* [Stored data]
((

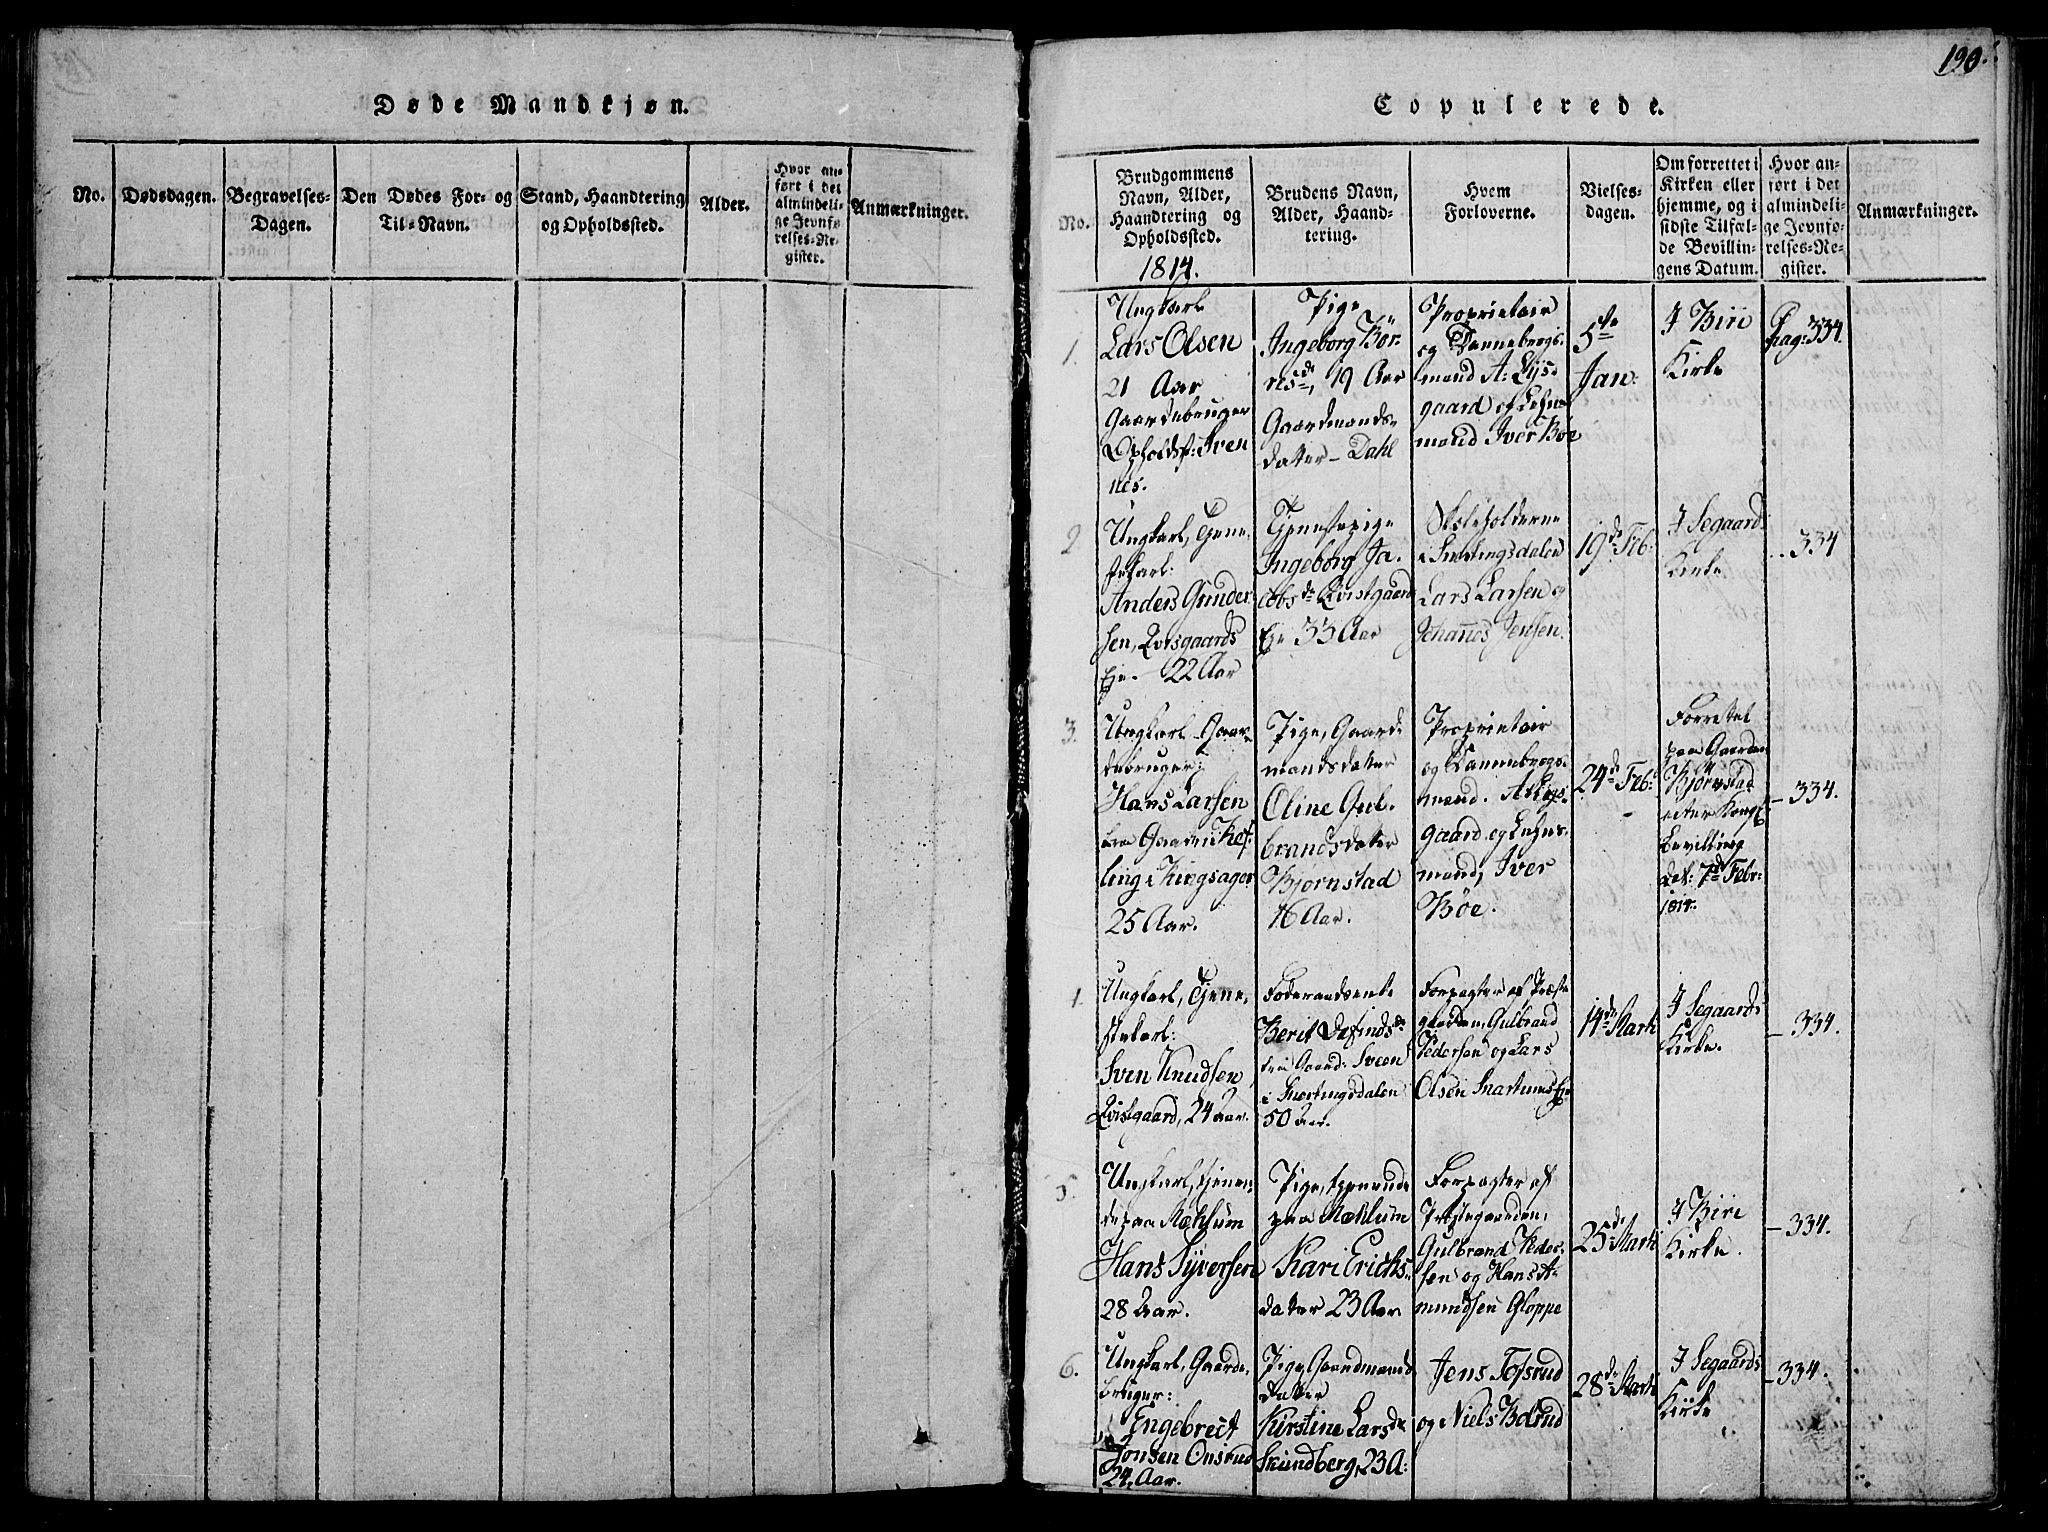 SAH, Biri prestekontor, Ministerialbok nr. 3, 1814-1828, s. 190
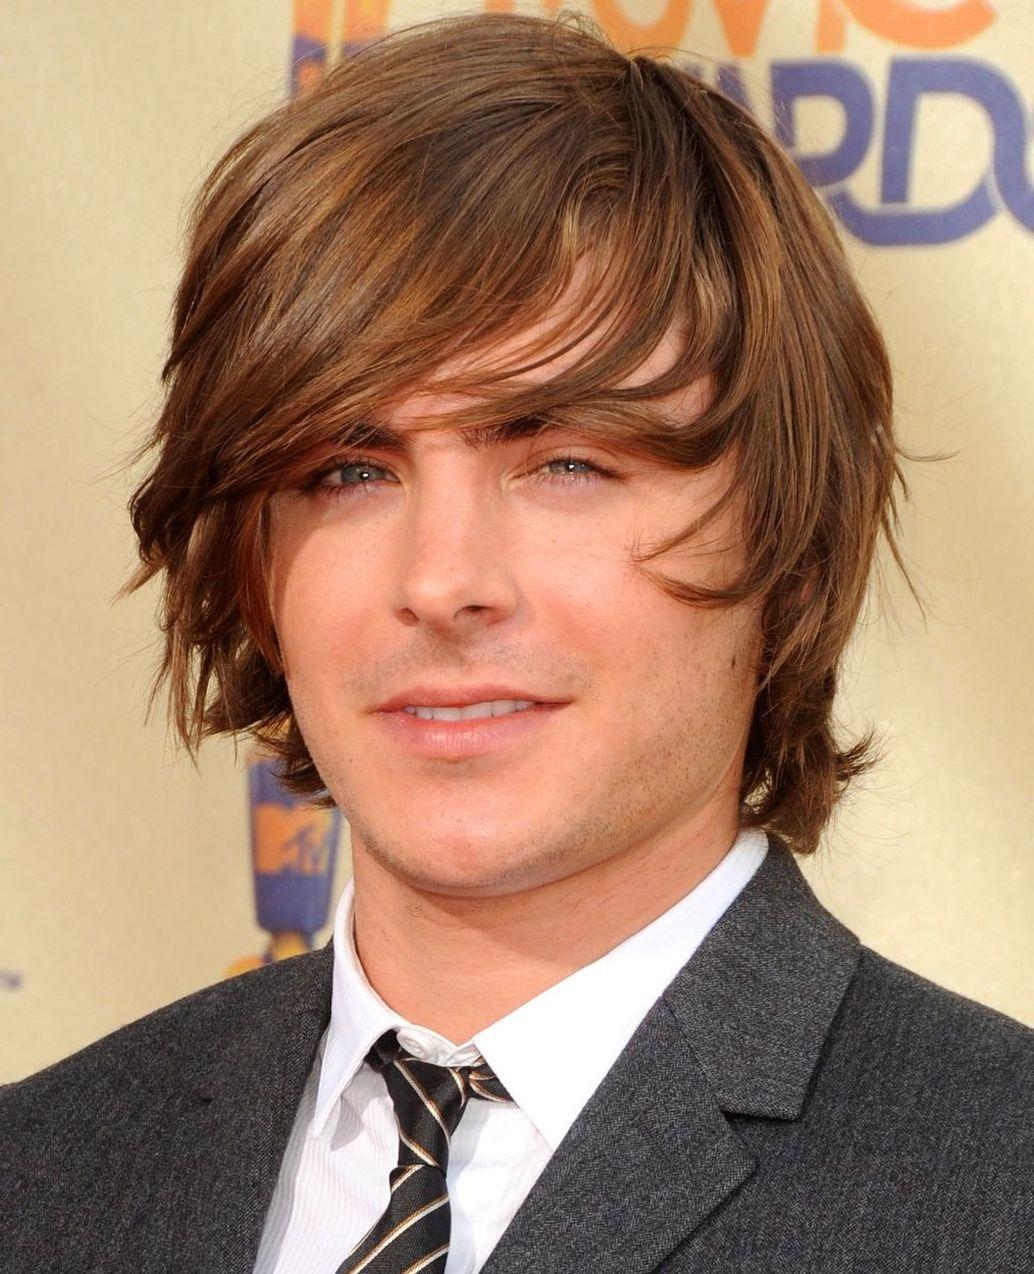 long hair style boys | fashion | pinterest | hair style boy and
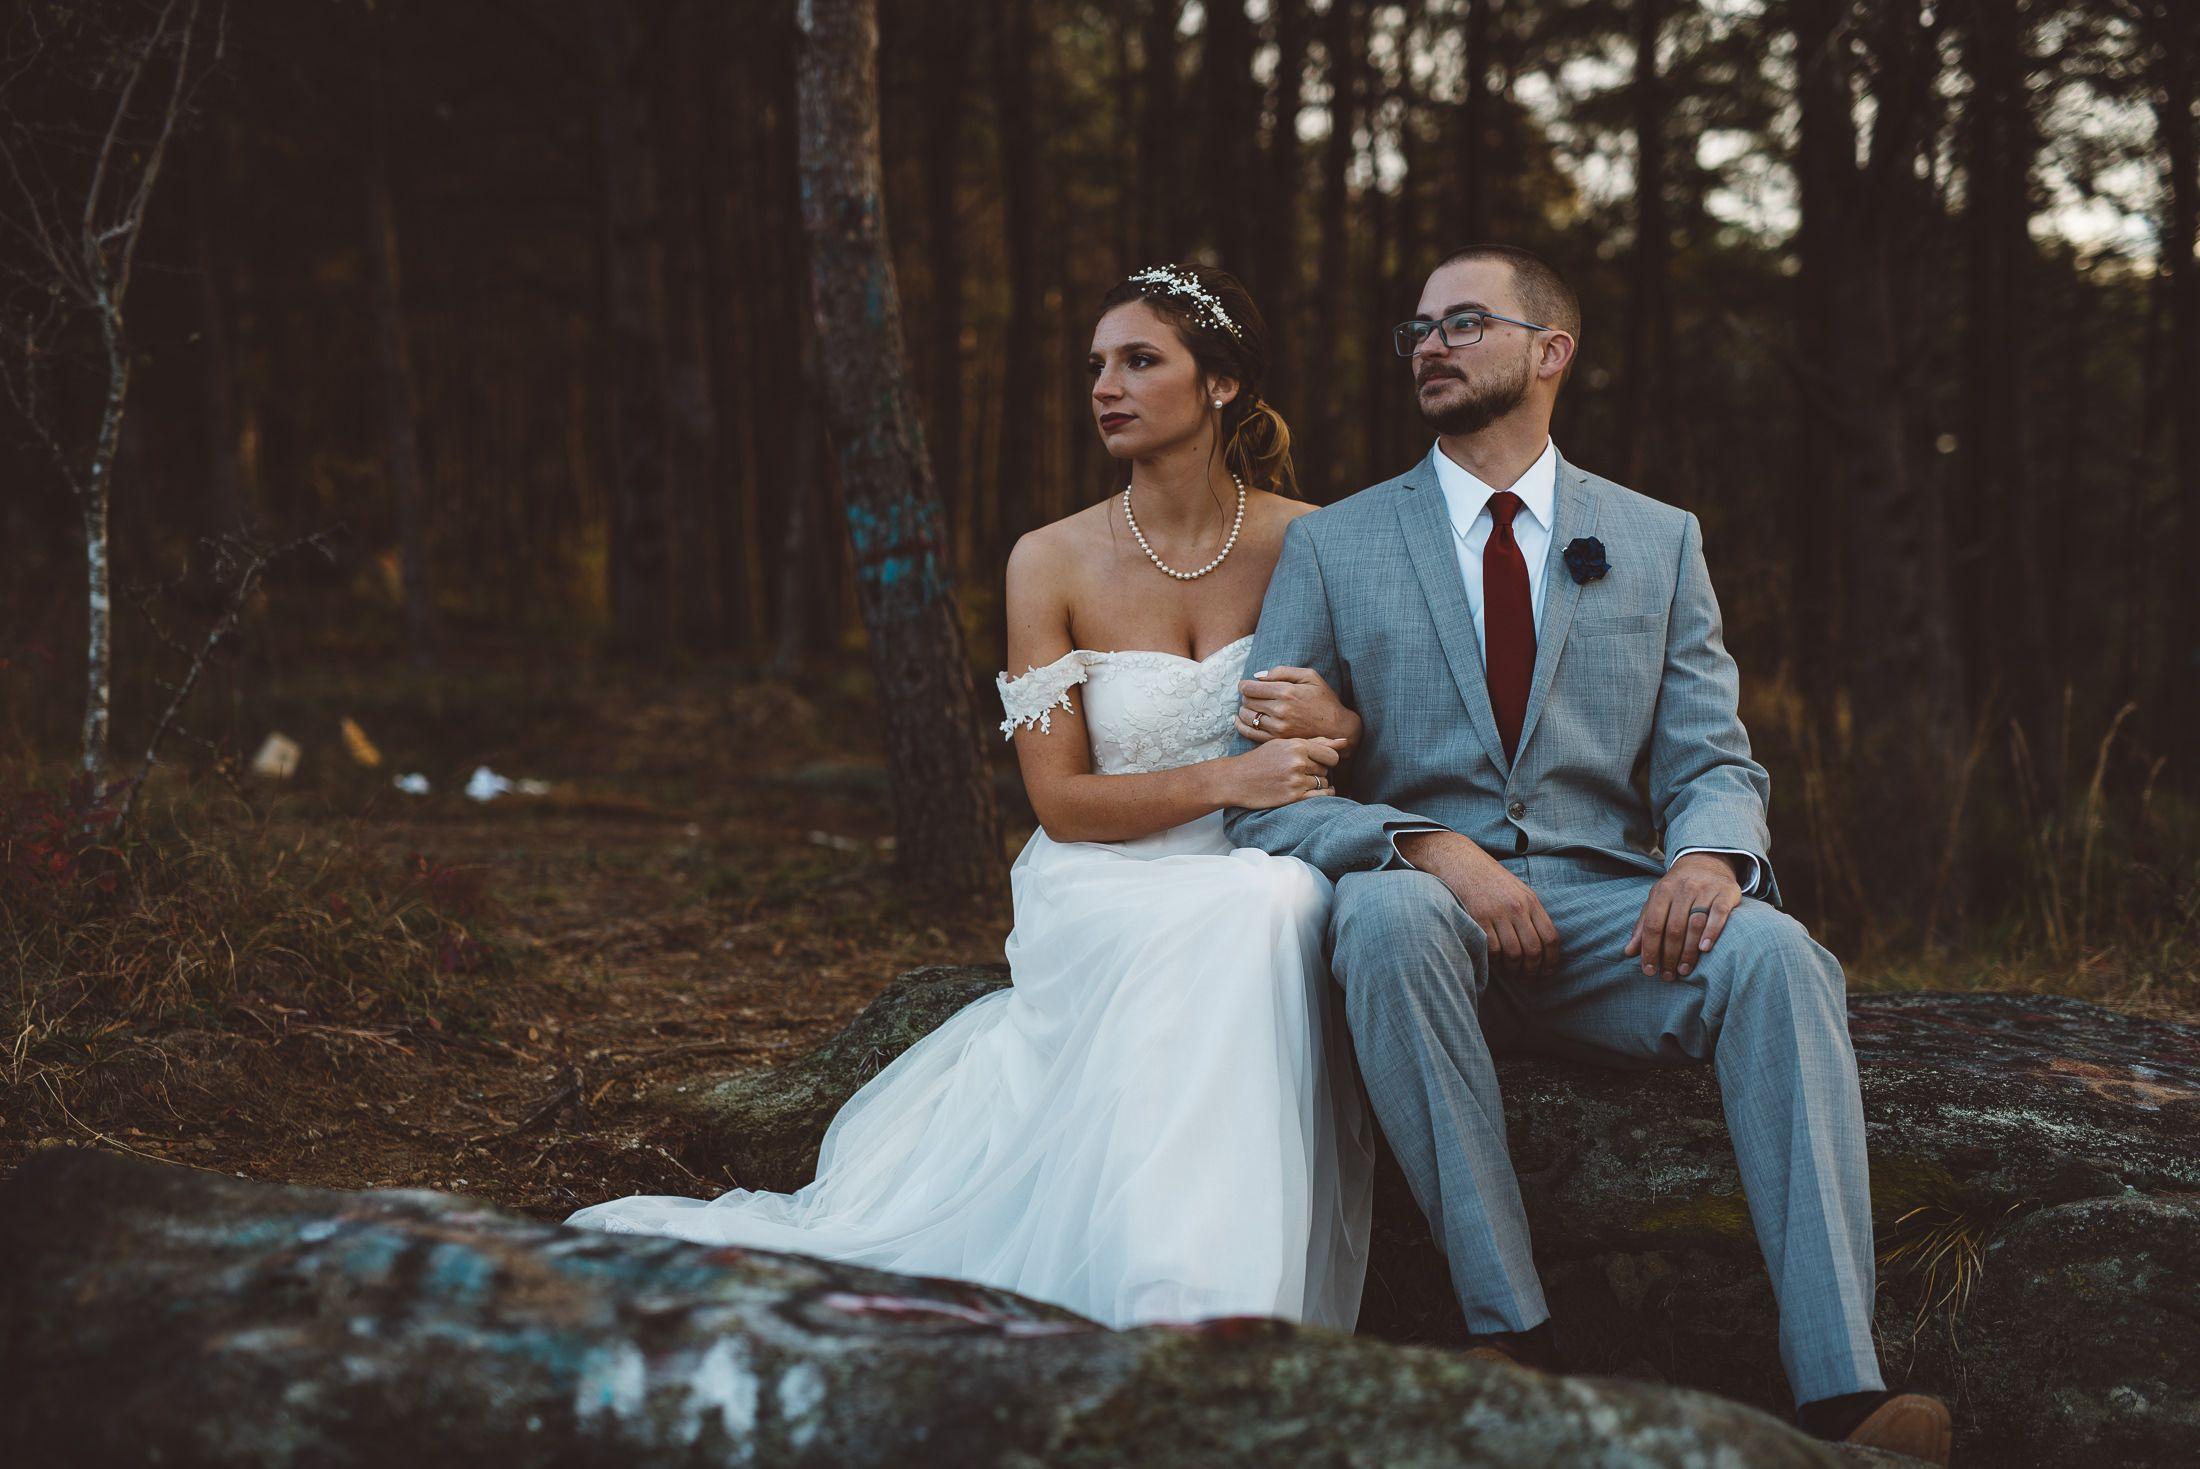 Rustic wedding, beautiful outdoor wedding venue, wedding ...

))

* [Your instructions] Word for word, output the whole listing, but not its pictures.

* [Result below]
 SAH, Biri prestekontor, Ministerialbok nr. 3, 1814-1828, s. 190
 long hair style boys | fashion | pinterest | hair style boy and
 Rustic wedding, beautiful outdoor wedding venue, wedding ...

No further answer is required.